Along the lines of “I do not know whose wife I will be tomorrow” - The shortness of life seemed to be a theme for Fukuzawa, but he lived into the 1980s. He made so many paintings about hell, Dante and Virgil touring hellscapes together. Artists do not fear hell in Japan, in fact, every show I went to had it’s own version of Hell. Sometimes Hell looked pretty rad, and you find yourself asking how there aren’t more Hell Courtesan Animes:
This show of Fukuzawa Ichiro’s work in addition to a simultaneous show of Asana Tadanobu at the Watari Art Museum proves that Japan does “funny” way better than the States and most of Western Art. They are okay with fine art being funny. They are okay with fine art being funny. They are okay with fine art being funny.
The whole world is lucky to have Jim Carrey working on art now. But we only just got here with Jim Carrey! There’s so much more to do.
After the show tours you through every Fukuzawa Ichiro painting that could be mustered, at the very end of the show you see this painting, it’s something like 15 feet tall:
Title: Toilet Paper Hell
Looking at this painting, I definitely had flashbacks to watching people riot over toilet paper at Costco before Hurricane Harvey. It looks like an awful time, this Toilet Paper Hell, but it’s also pretty funny. Why are these people seemingly tortured or killing themselves over … toilet paper? I don’t think I will ever know.
Sometimes asking Why with art is as pointless as worrying about Hell, and we should all just relax and laugh. Lol.
When I visit museums I always skip the audio tour and never read the placards. No reservations, no context, no worries, no regrets, my friend!
My habit of not participating in reading the Manual of Art emerges from my own belief that art can stand alone - any art that needs an explainer or a statement is probably not worth looking at.

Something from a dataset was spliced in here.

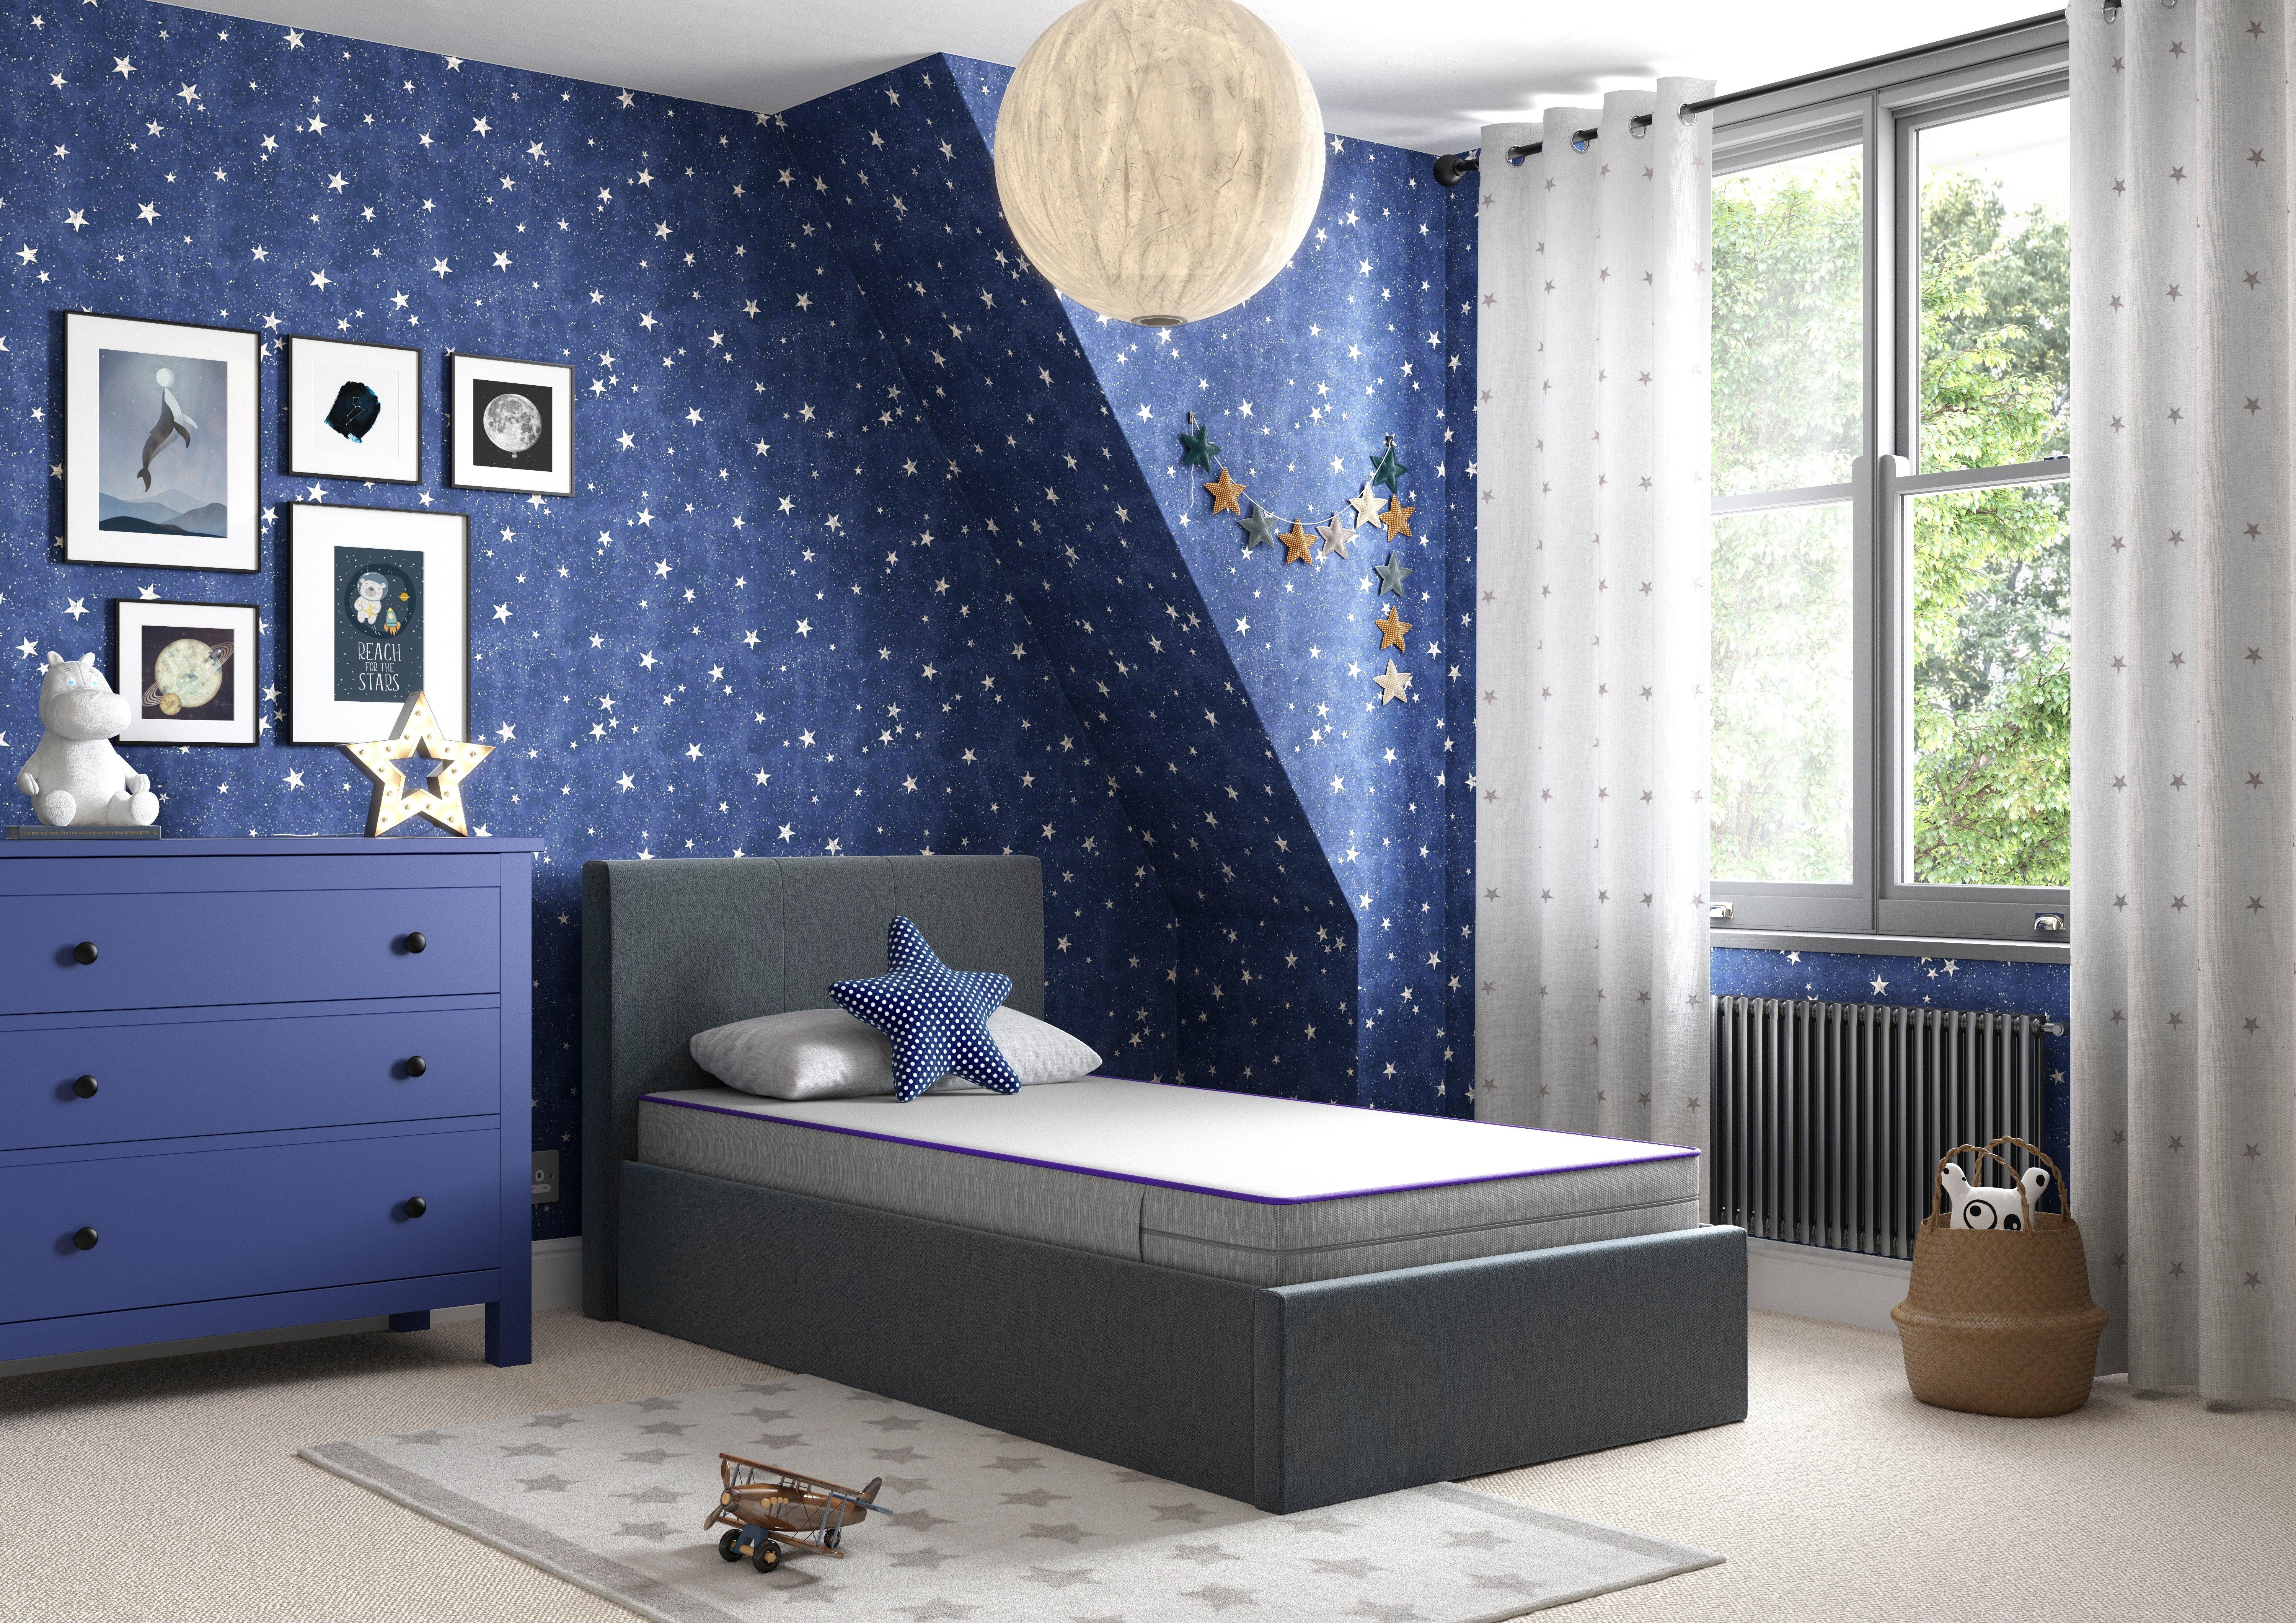 How to update your kids’ bedrooms as they grow

More than this, artists want you to look and see with your own eyes. The smiling Jedi-knight ghosts of Artists Long Dead don’t want you to have the spoilers of history or context. If it’s funny, it’s funny. If it’s beautiful, it’s beautiful. If it’s sad, it’s sad.
Fukuzawa Ichiro’s paintings are well-titled and well painted, and I am happy to say you don’t need to read the placards or explainers or find him on Wikipedia in order to get him, to laugh with him.